Personal performance: Firstly, I probably need to give myself some credit for stepping up to the mark in a pressurised environment. I wasn’t expecting a week of system crashes, I wasn’t expecting my colleague to be off work for such a prolonged period of time, and I wasn’t expecting to have much involvement in this year’s Library 24/7 campaign.

But I’ve managed to roll with it as the circumstances around me have changed. When the system crashed, I put out news stories, posted social media updates and organised posters and notices around the library to make sure that as many people as possible knew why they couldn’t search the catalogue or renew their items.

When it became apparent that my colleague wasn’t going to be able to attend the library’s communications and marketing group meeting, I sought the input of the other group members, who agreed that the meeting should go ahead. I put myself forward to chair the meeting, even though it’s something I’ve never done before, because I was aware that with the communications and marketing officer absent, I was the person who knew the most about what was going on and the person best placed to act as chair. This was a challenge for me, as I had to sort out the confusion surrounding whether the meeting was to take place, as well as prepare for the meeting, in a matter of hours. The meeting itself though went well; we kept to the agenda and to time, the group came up with a list of actions assigned to different members, and I was thanked for chairing the meeting by the group (which was nice!).

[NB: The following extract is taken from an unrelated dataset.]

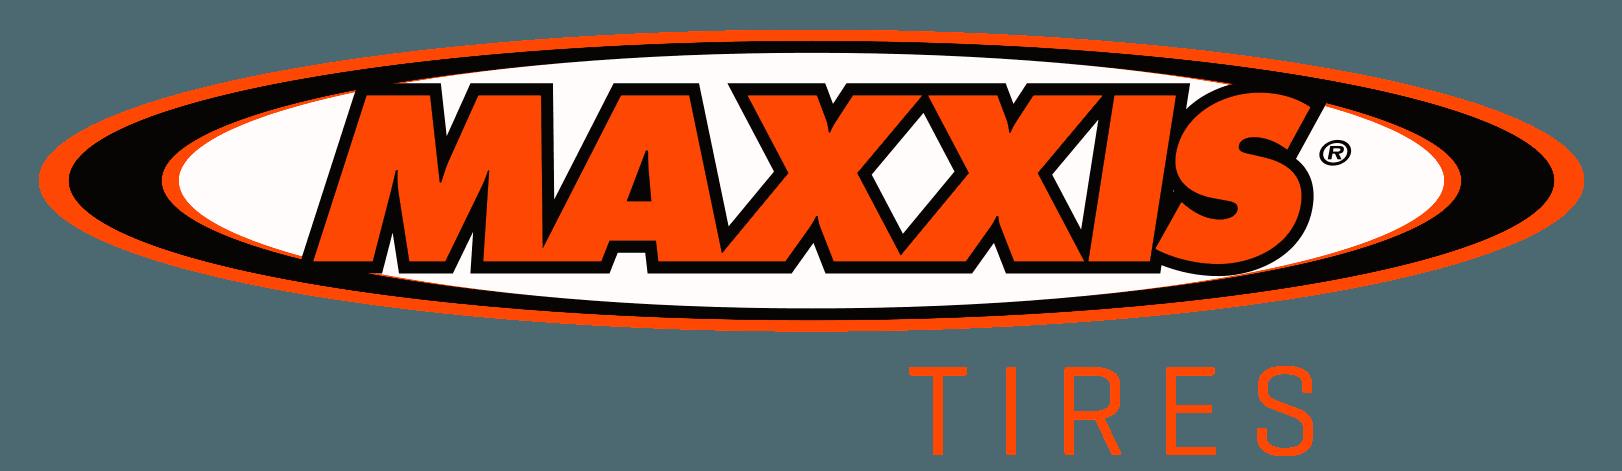 Maxxis thumbnail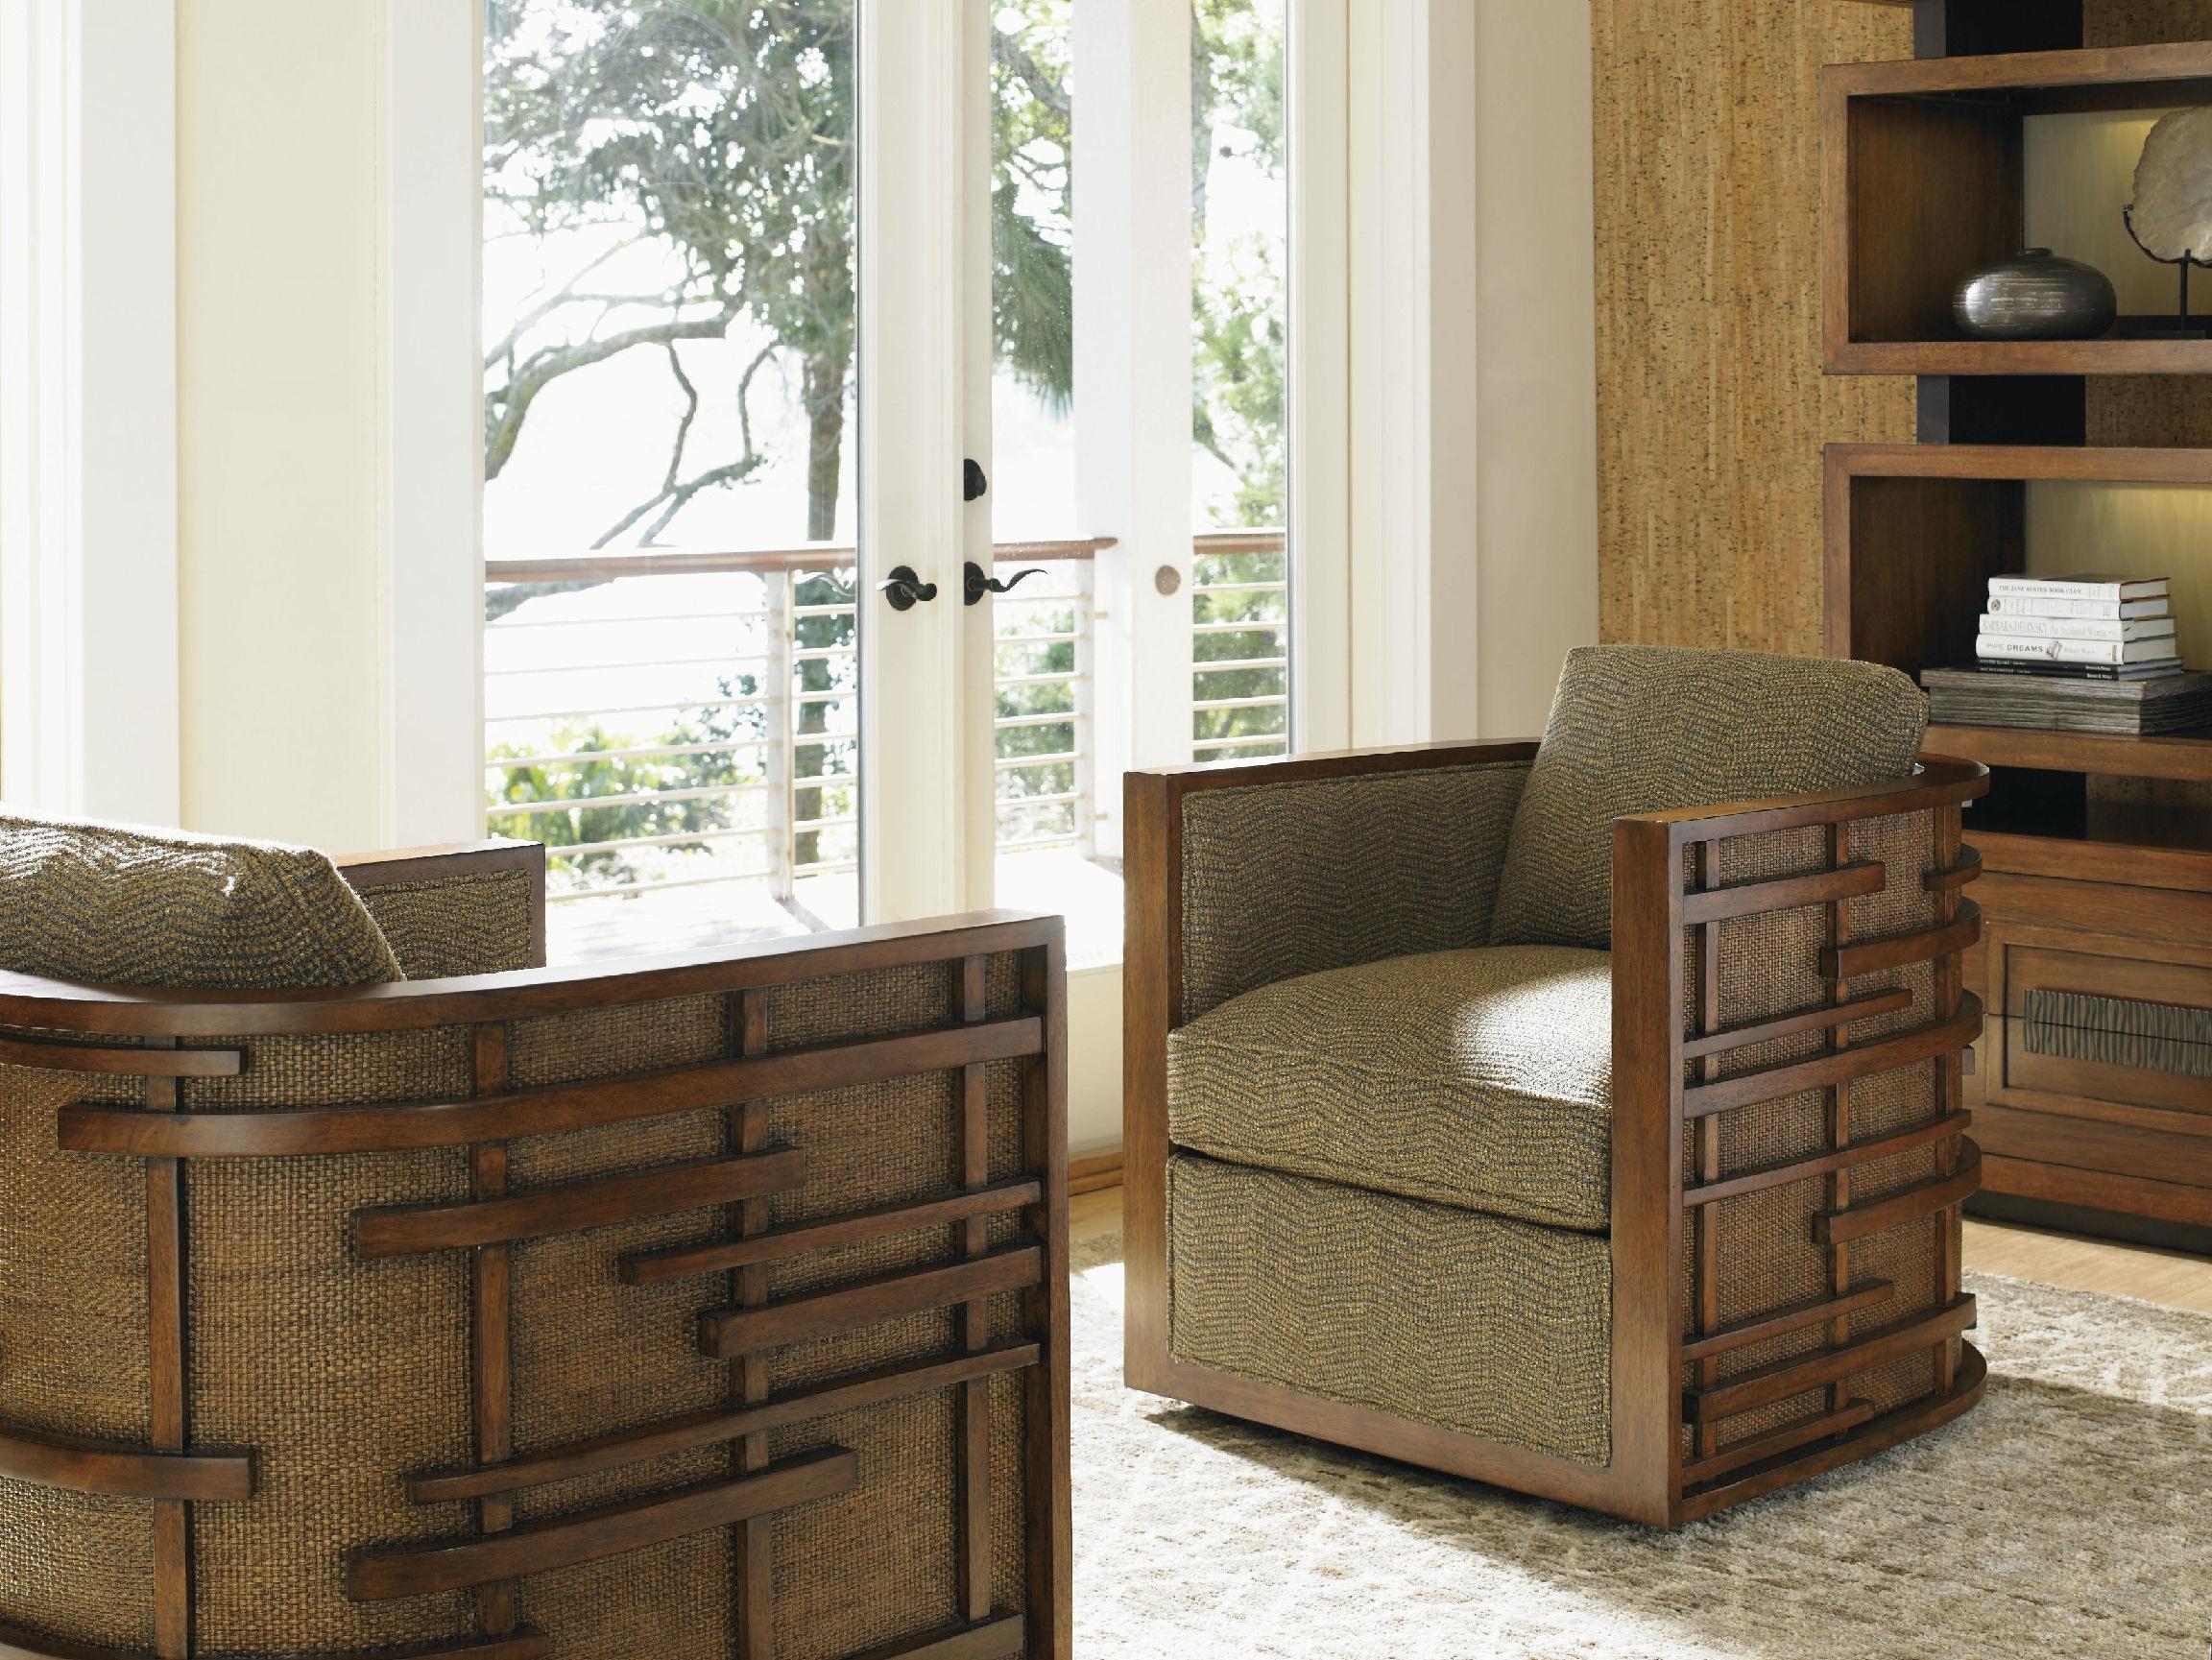 Tommy Bahama Home Living Room Semerang Swivel Chair 1763 11sw Habegger Furniture Inc Berne

And the Easter vacation and Library 24/7 marketing? Well, it hasn’t been perfect, and with so much going on and only one of me I made some mistakes – I forgot to distribute the Easter weekend opening hours posters around to the other library sites until a couple of days before the Easter weekend, for example. Similarly, although I managed to get permissions to make changes to the complicated PHP database behind the library’s opening hours web pages, with nobody to show me how to work it, our opening hours pages were completely wrong at the start of Good Friday and customers were waiting at the Main Library doors an hour or so before we opened. But despite these blips, I got the information out there and the remaining copy and design work was completed to a high standard to form a coherent campaign. The publicity materials were organised and scheduled so that the campaign could be rolled out in my absence online, around the five library sites and the rest of the university at the beginning of the 24/7 period, and I was able to delegate tasks out to colleagues as appropriate.

Service performance: It goes without saying that no matter what is happening behind the scenes, you want your customers to have a positive experience of your service. It really doesn’t matter that taking on responsibility for communications and marketing tasks isn’t necessarily my job, or that I prefer things to be slightly less rushed. My job, as a Library Assistant, is to assist with the overall performance of the library as a service; getting the message out about the disruption to the library catalogue and about Library 24/7, which has massive cost implications, was a service priority. And although it might not have been quite as smooth as last year, I would say that these messages were communicated effectively.

Works well under pressure? I think so.